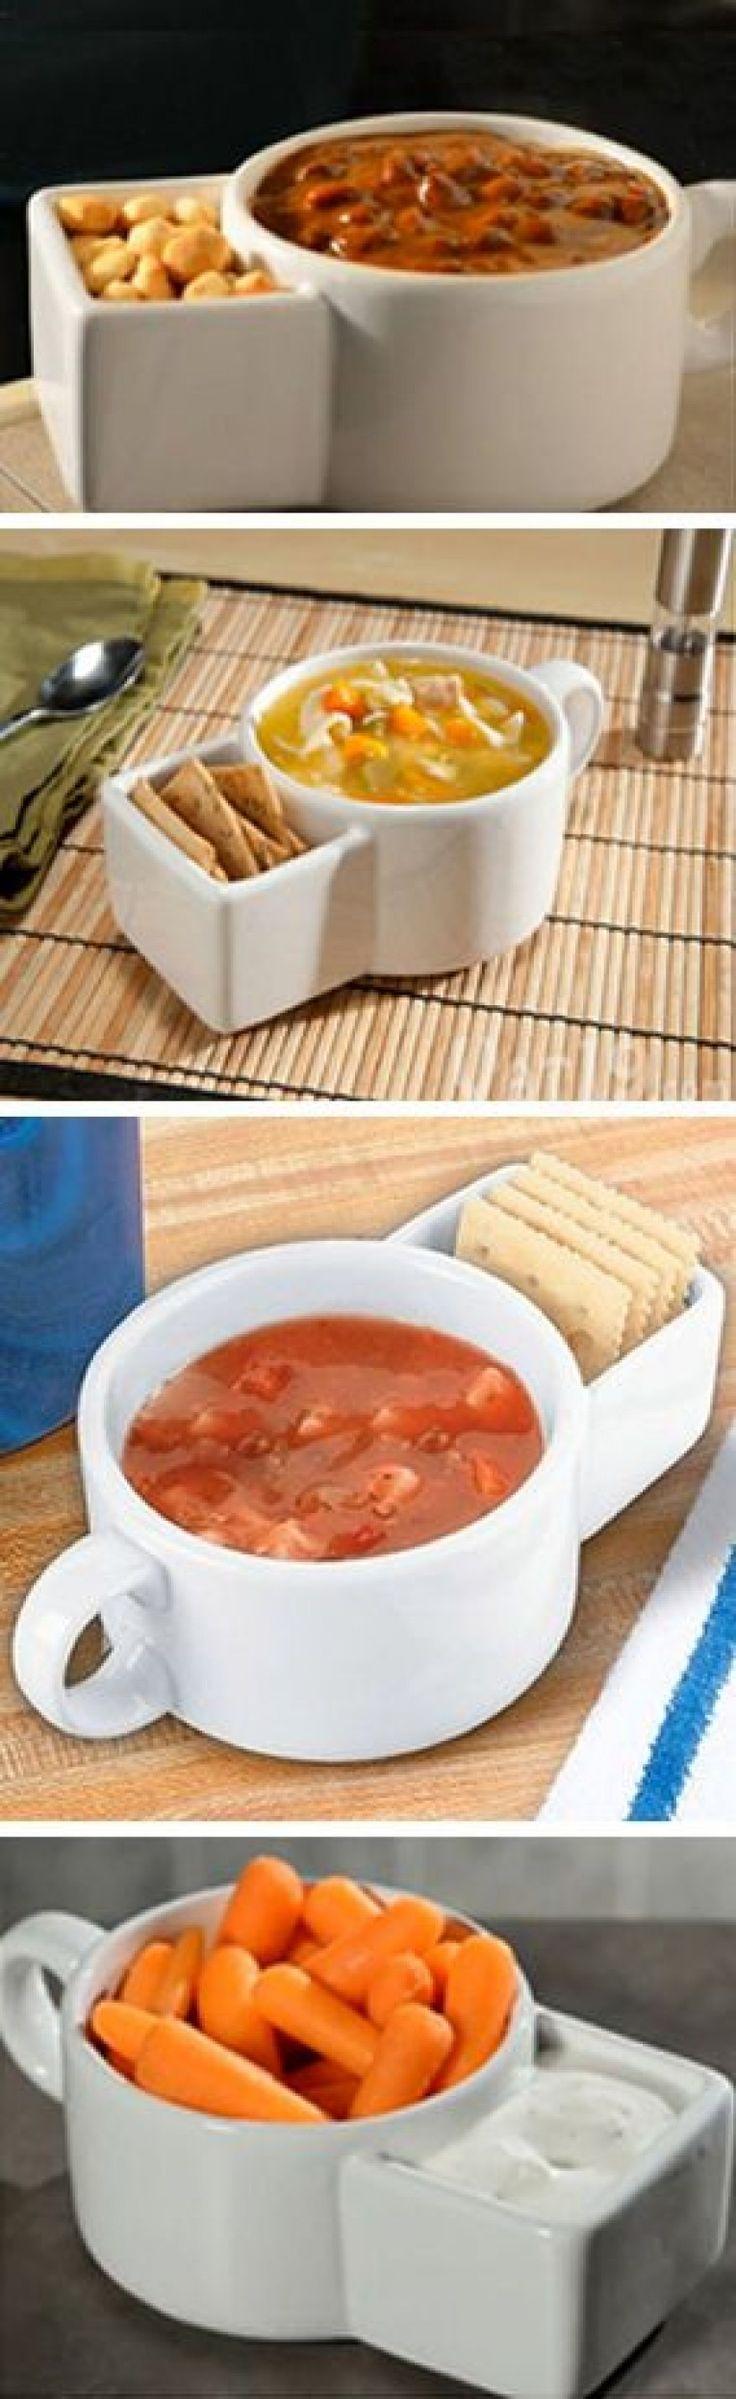 Soup and cracker ceramic mug
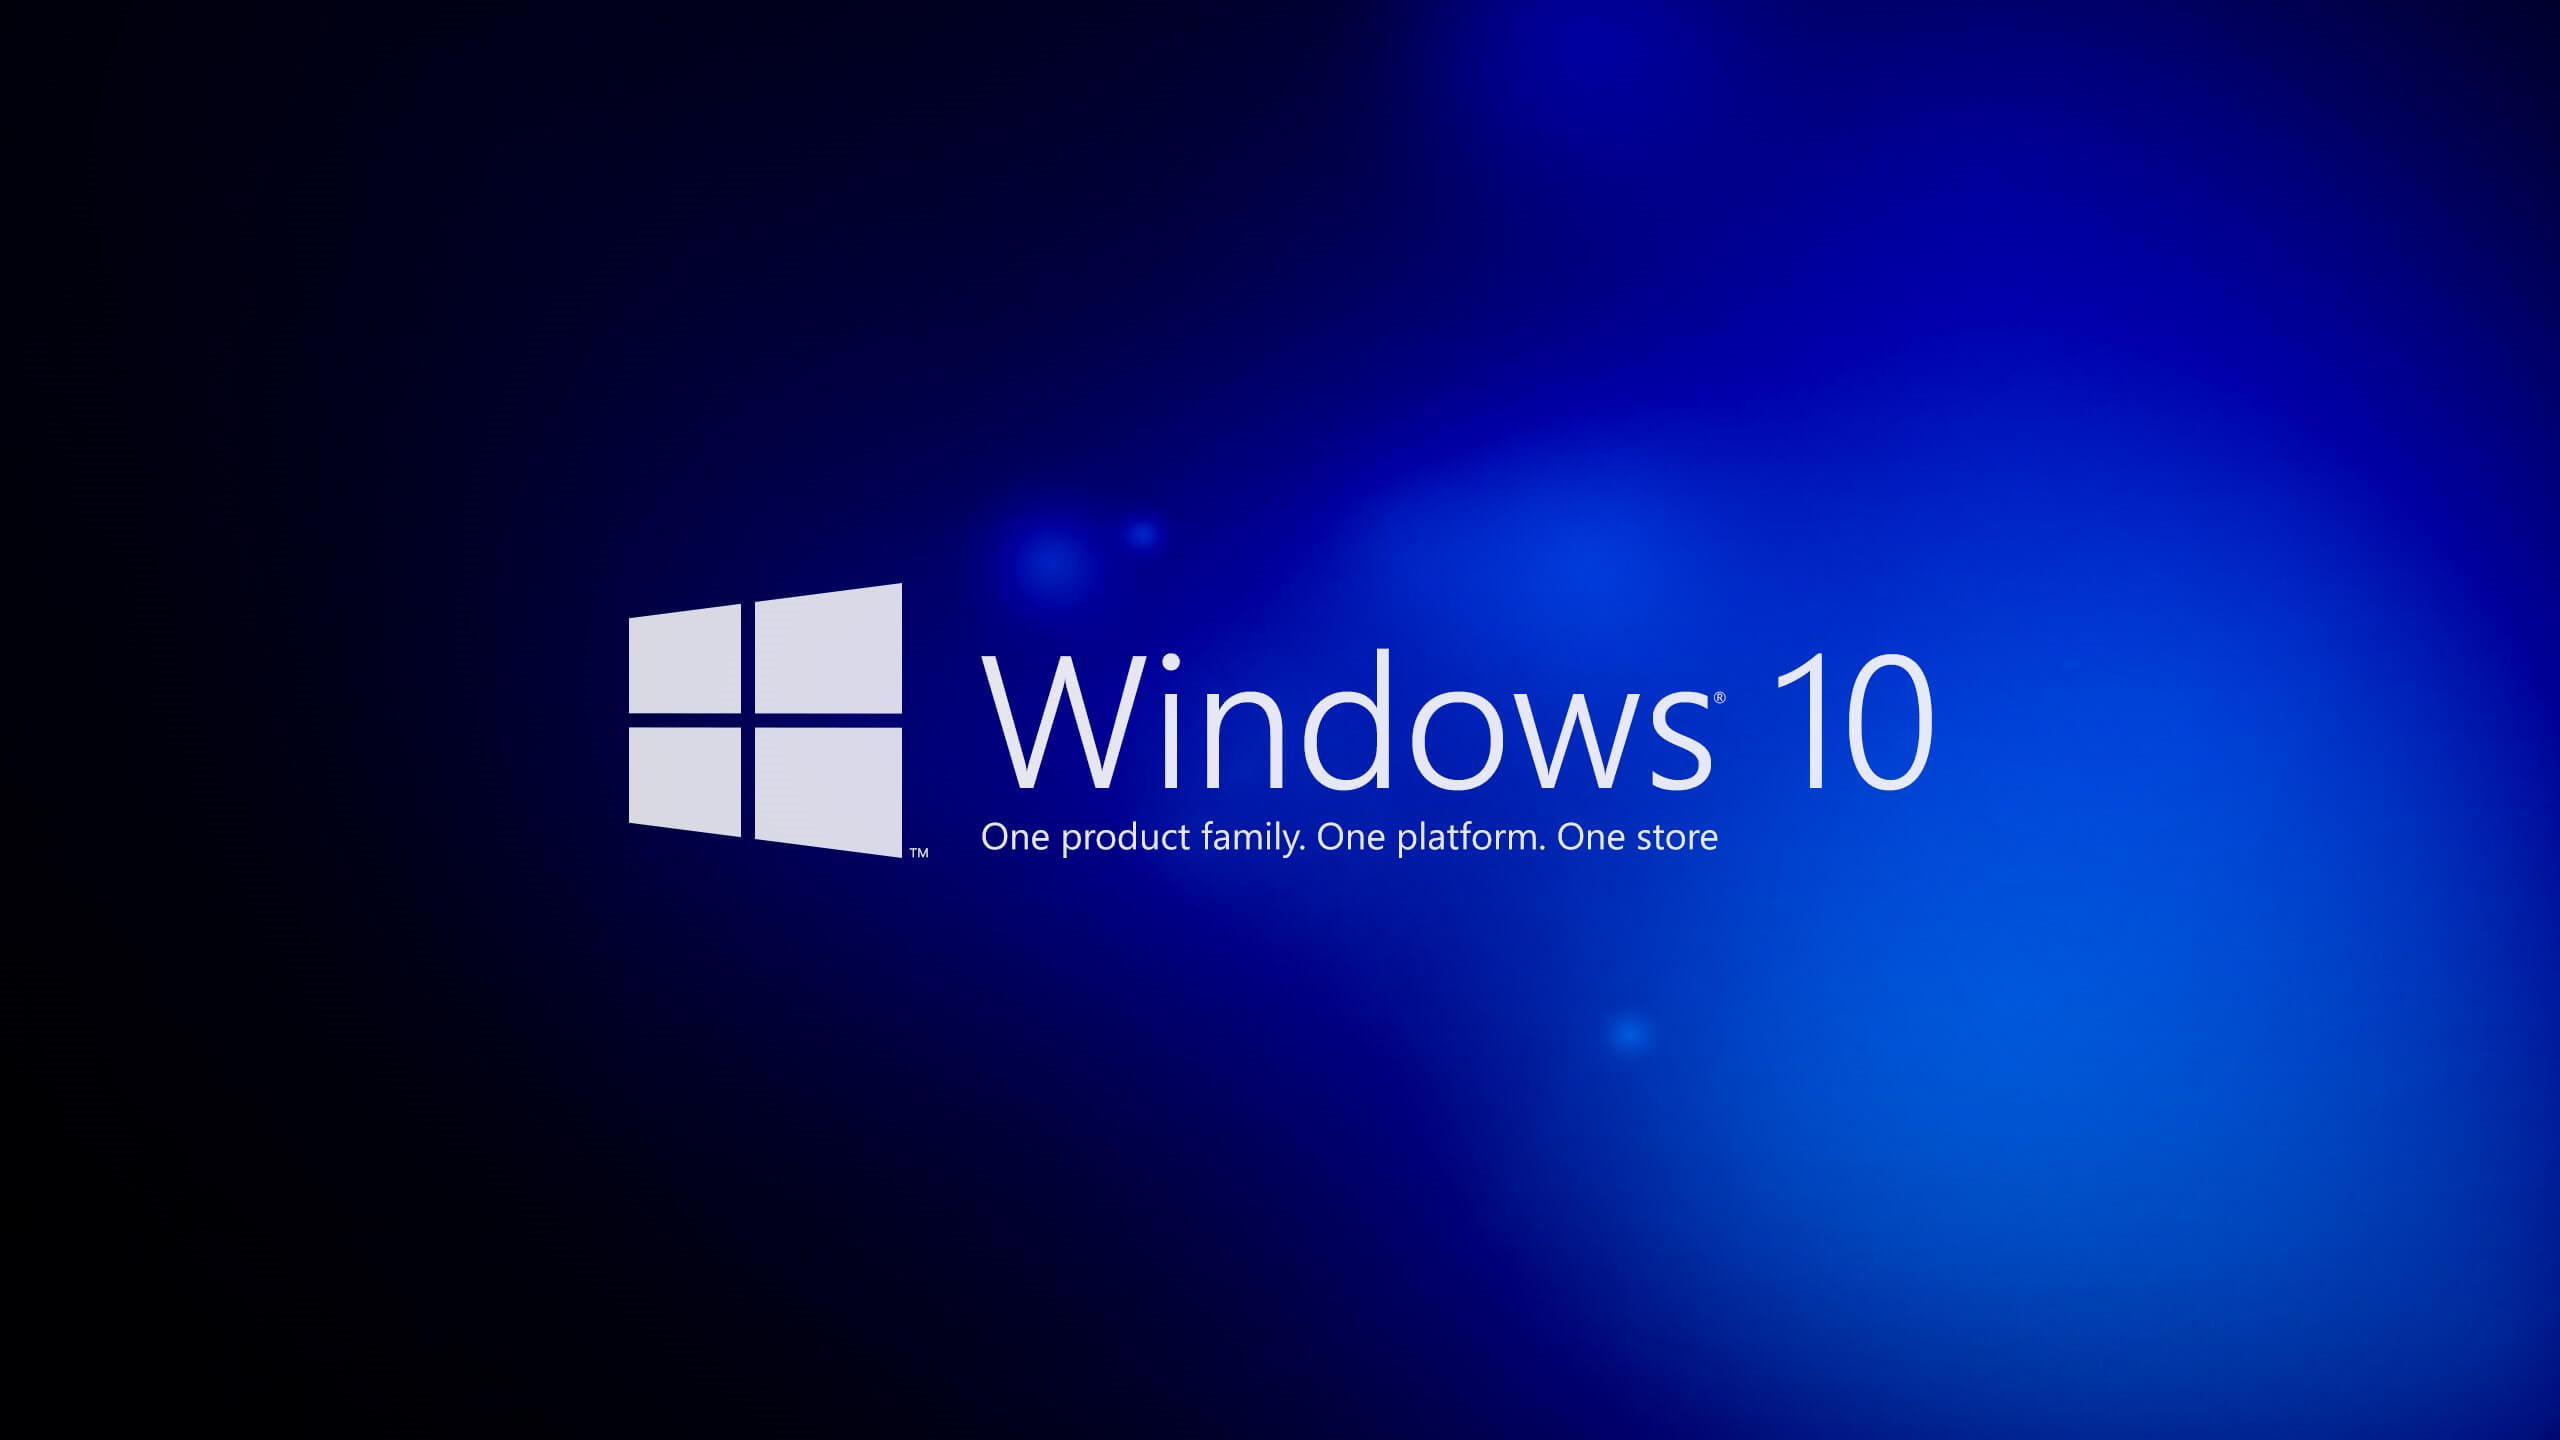 Windows 10 - игровой режим, протестированный в 6 играх на ПК со связанными процессорами
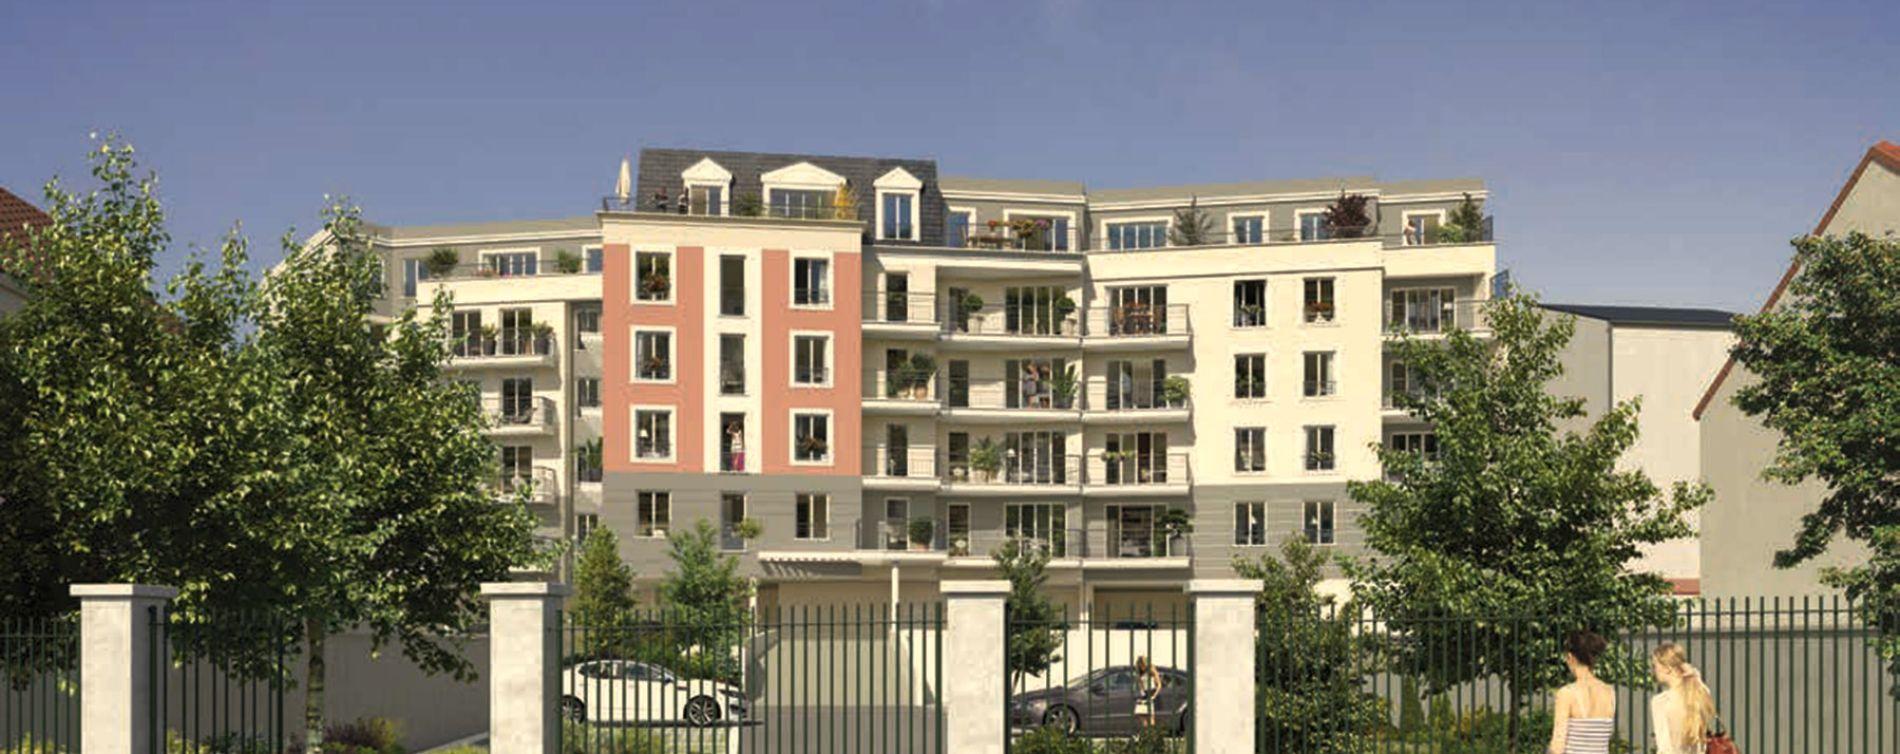 Résidence Central Plaza à Juvisy-sur-Orge

EXERCISE GOAL: Could you print the listing above word for word, without its pictures?

ANSWER TO THE PROBLEM:
 Soup and cracker ceramic mug
 Windows 10 - игровой режим, протестированный в 6 играх на ПК со связанными процессорами
 Résidence Central Plaza à Juvisy-sur-Orge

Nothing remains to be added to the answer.